EXERCISE DETAILS —
With the pictures left out, retype exactly the lines below starting at the line that contains "ICM Сборная модель" and ending at the line that contains "Программатор для домофона.".

INFORMATION GIVEN —
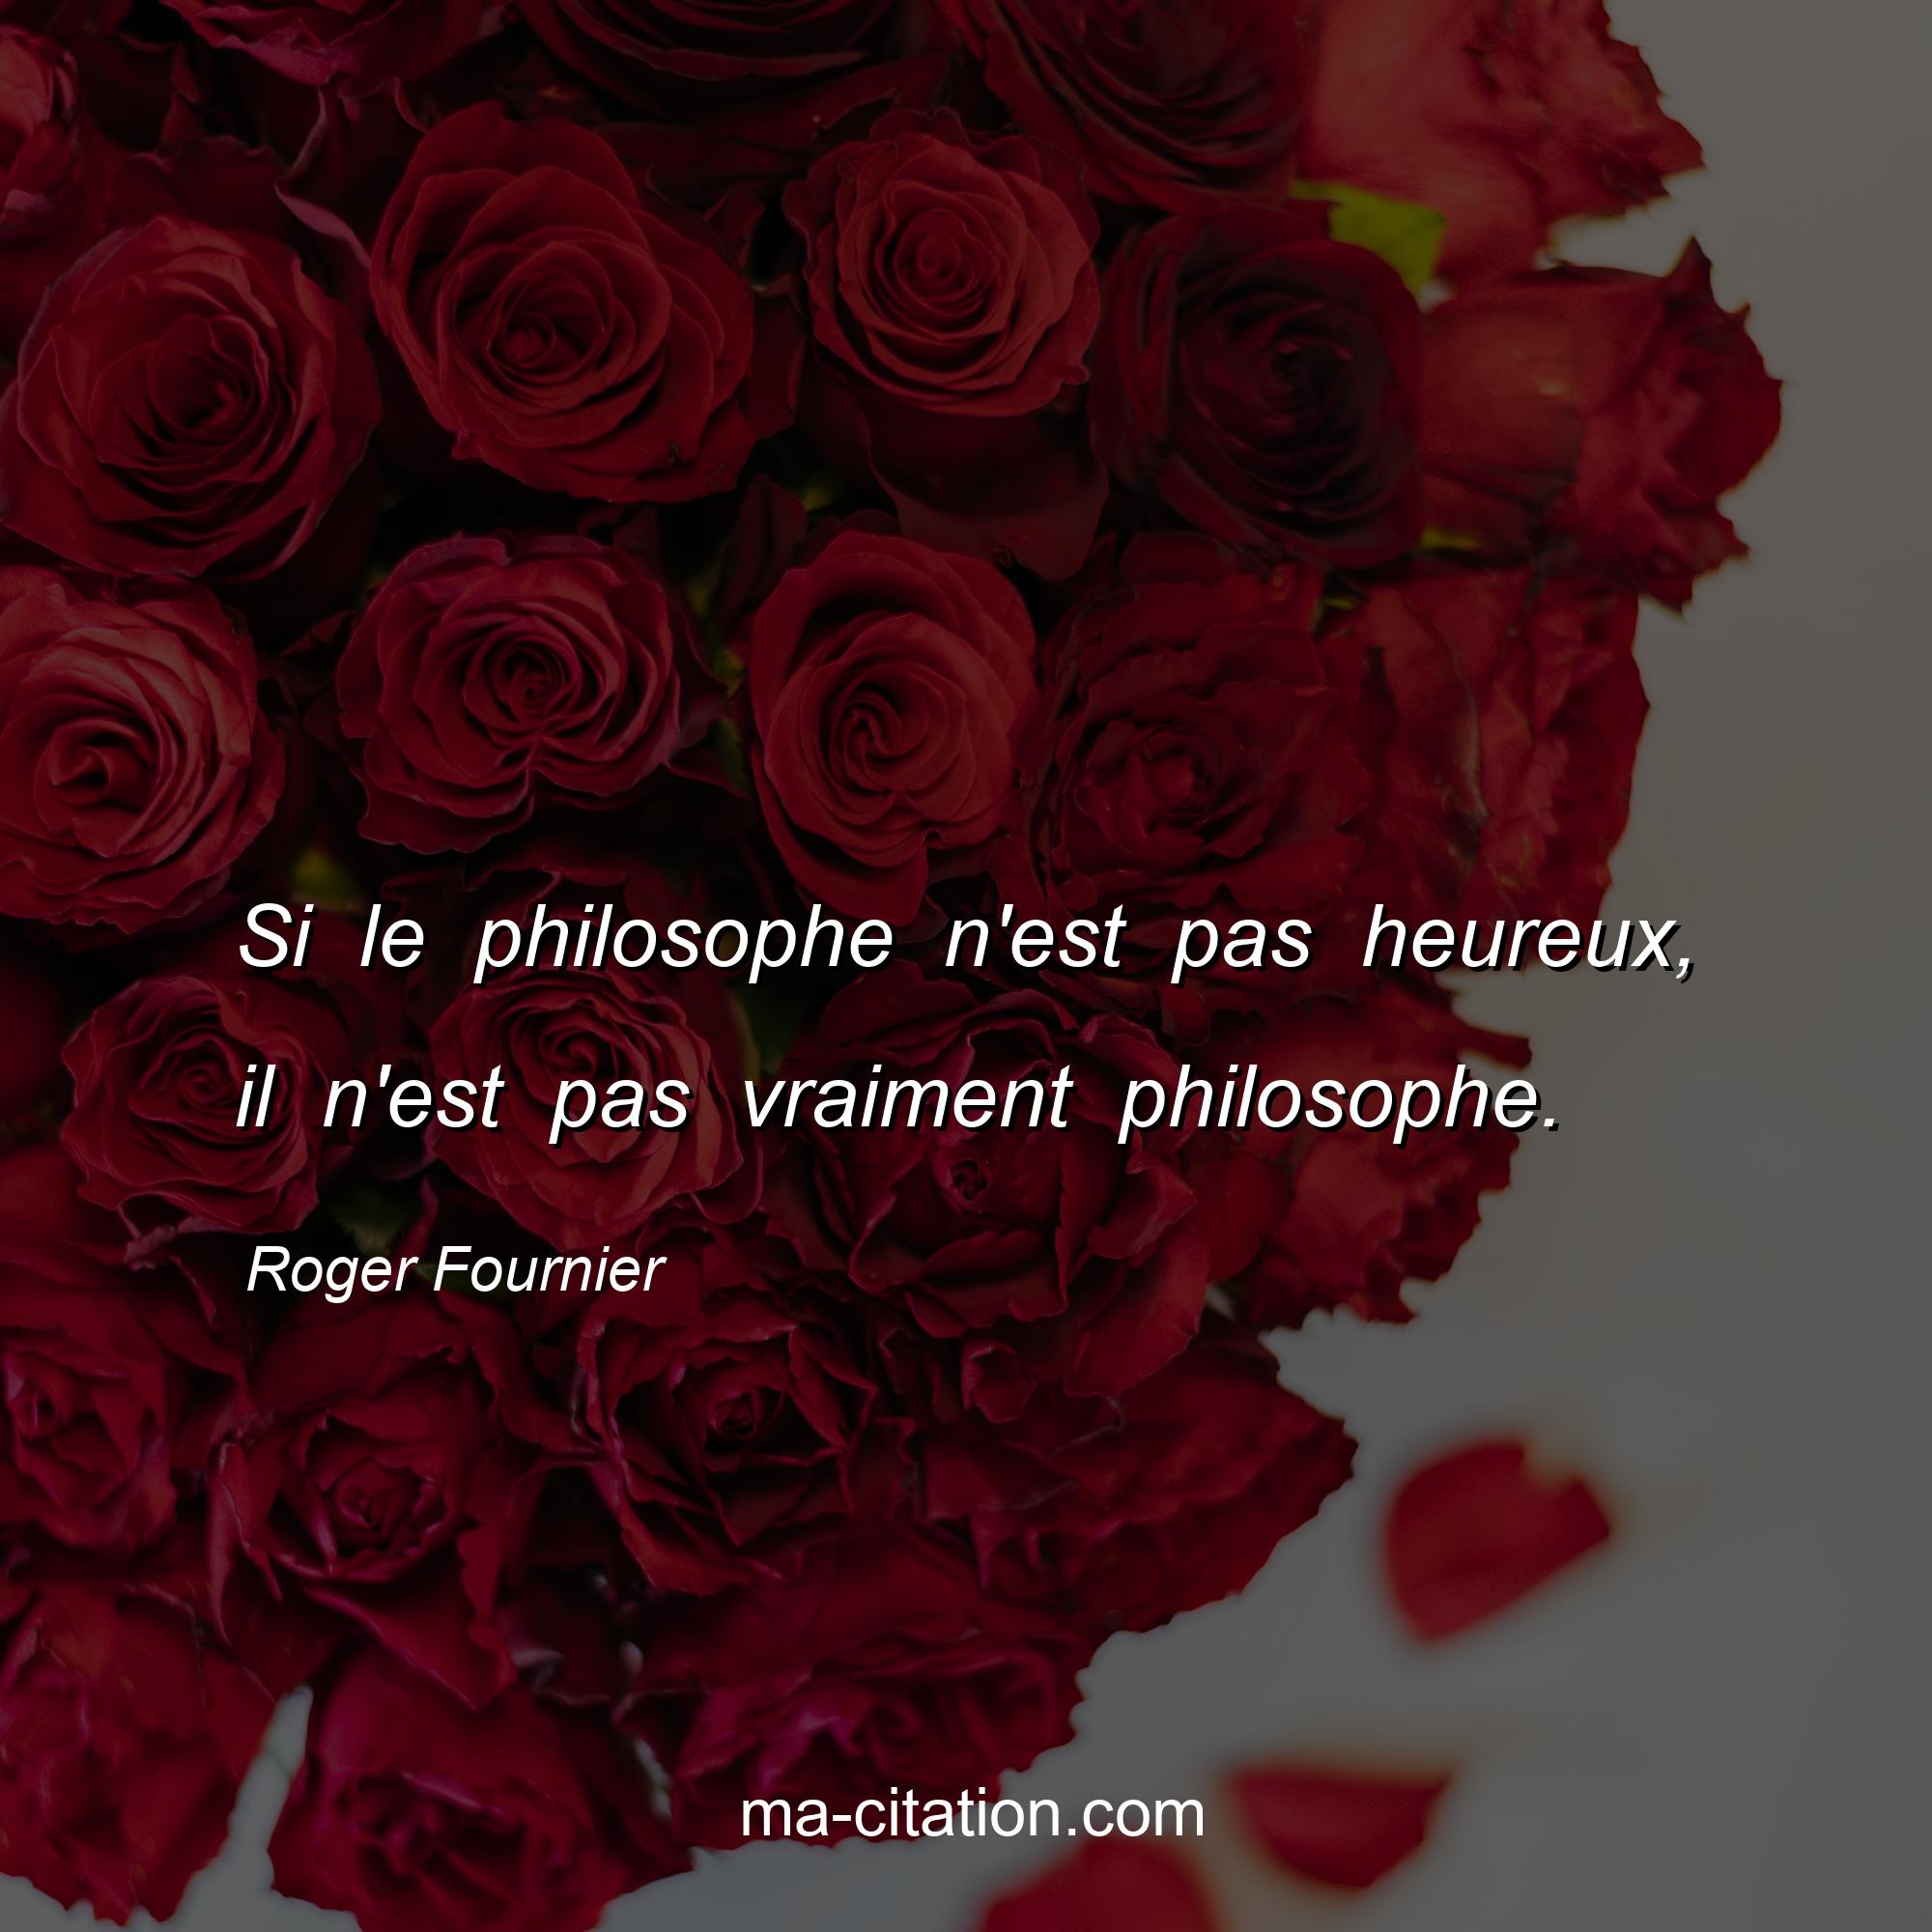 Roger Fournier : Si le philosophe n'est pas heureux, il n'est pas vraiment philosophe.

---

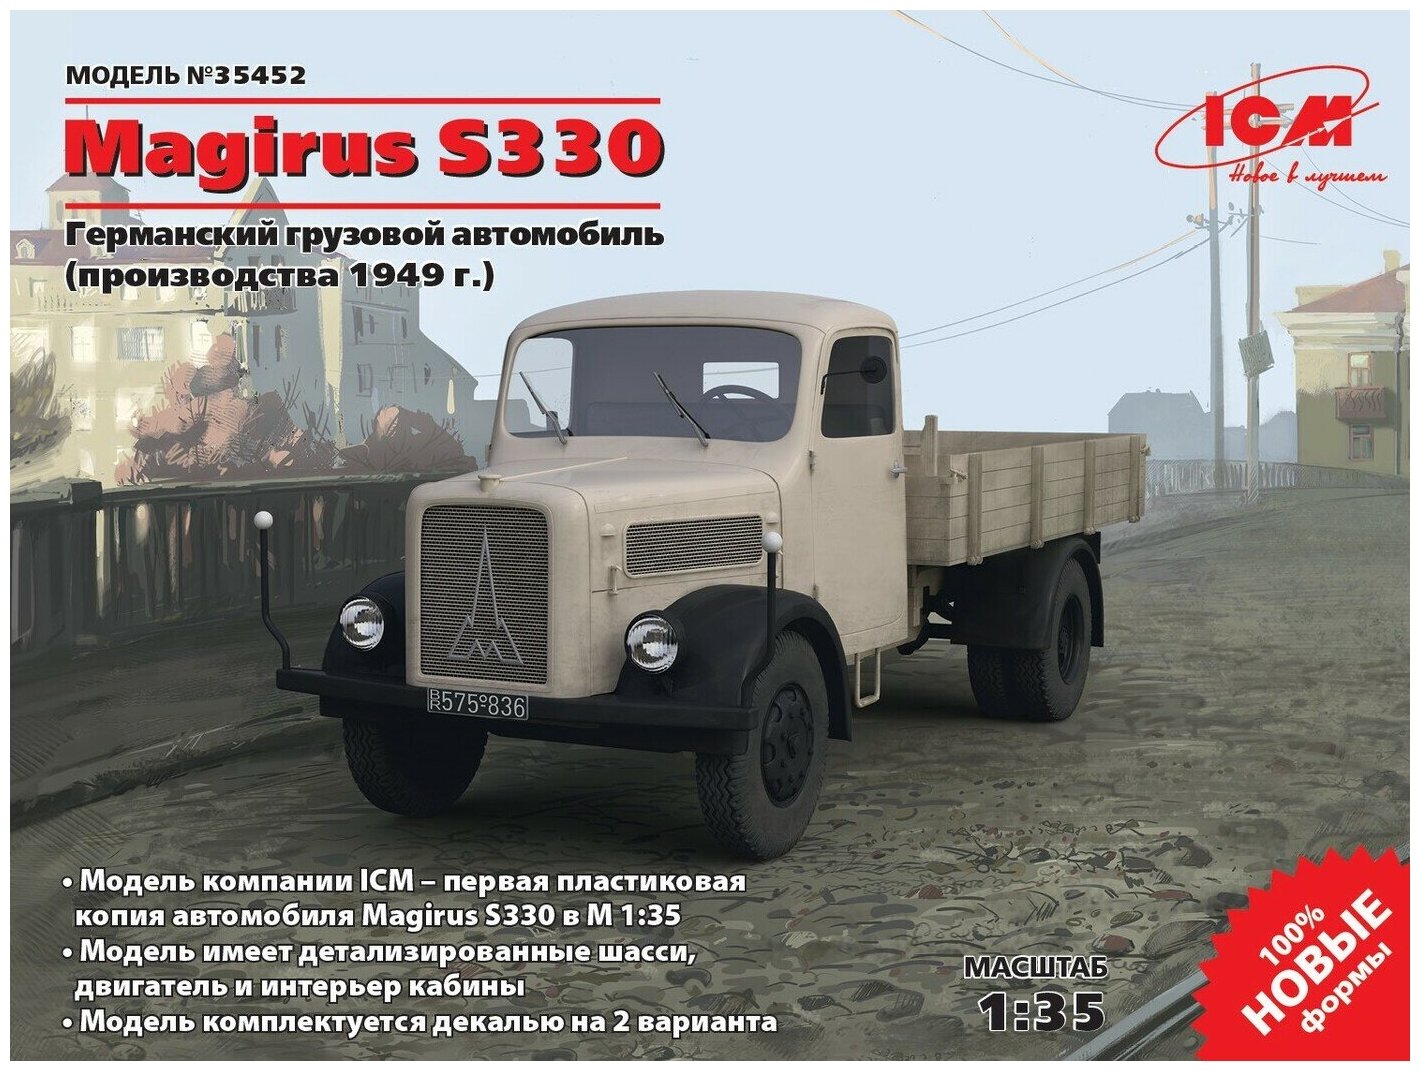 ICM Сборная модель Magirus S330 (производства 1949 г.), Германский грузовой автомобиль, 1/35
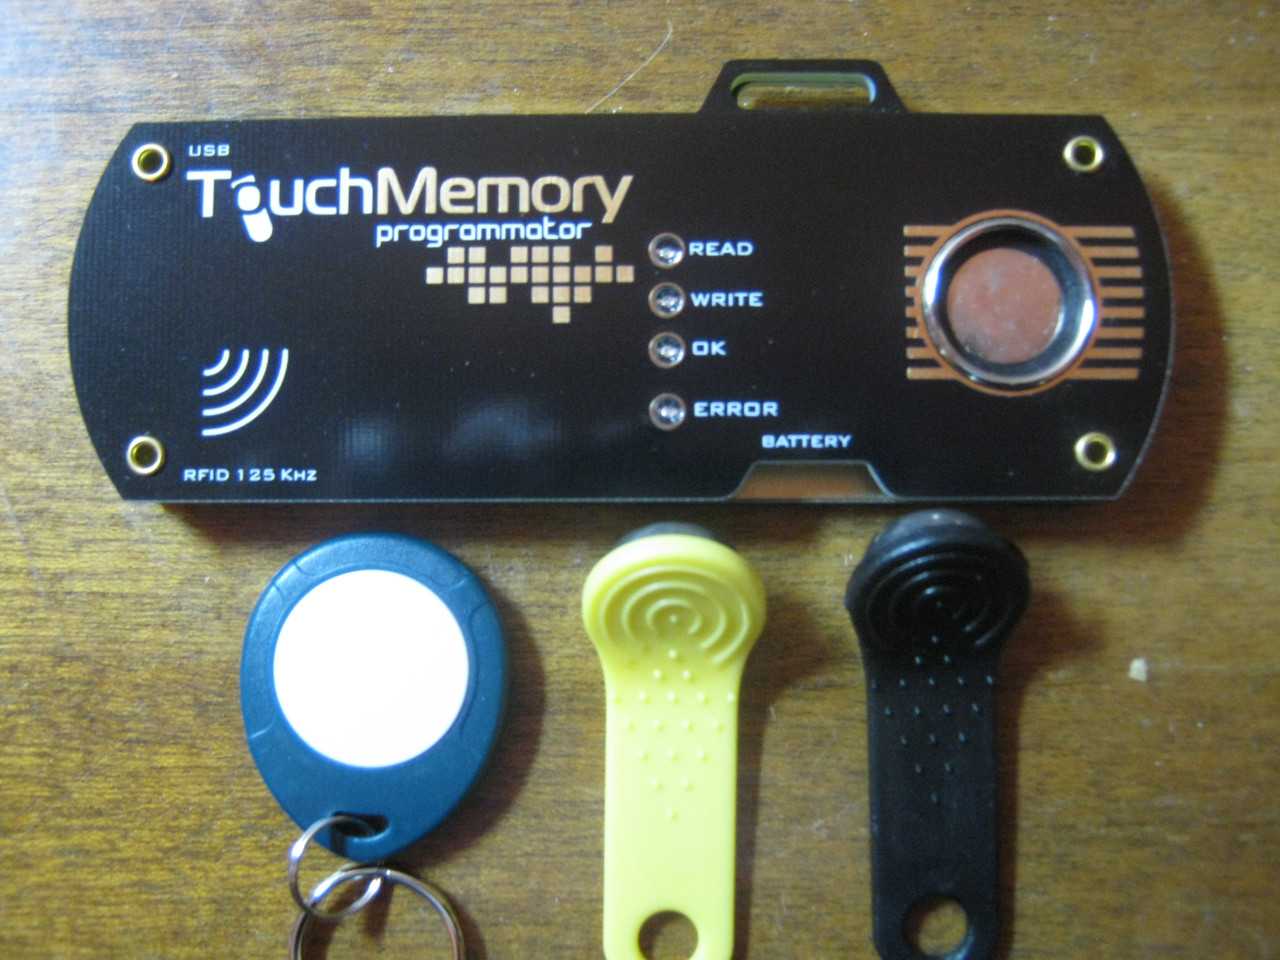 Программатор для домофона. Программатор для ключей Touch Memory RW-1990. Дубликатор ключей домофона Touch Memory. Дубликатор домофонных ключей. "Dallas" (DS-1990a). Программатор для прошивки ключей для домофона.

EXERCISE ANSWER —
 ICM Сборная модель Magirus S330 (производства 1949 г.), Германский грузовой автомобиль, 1/35
 Программатор для домофона. Программатор для ключей Touch Memory RW-1990. Дубликатор ключей домофона Touch Memory. Дубликатор домофонных ключей. "Dallas" (DS-1990a). Программатор для прошивки ключей для домофона.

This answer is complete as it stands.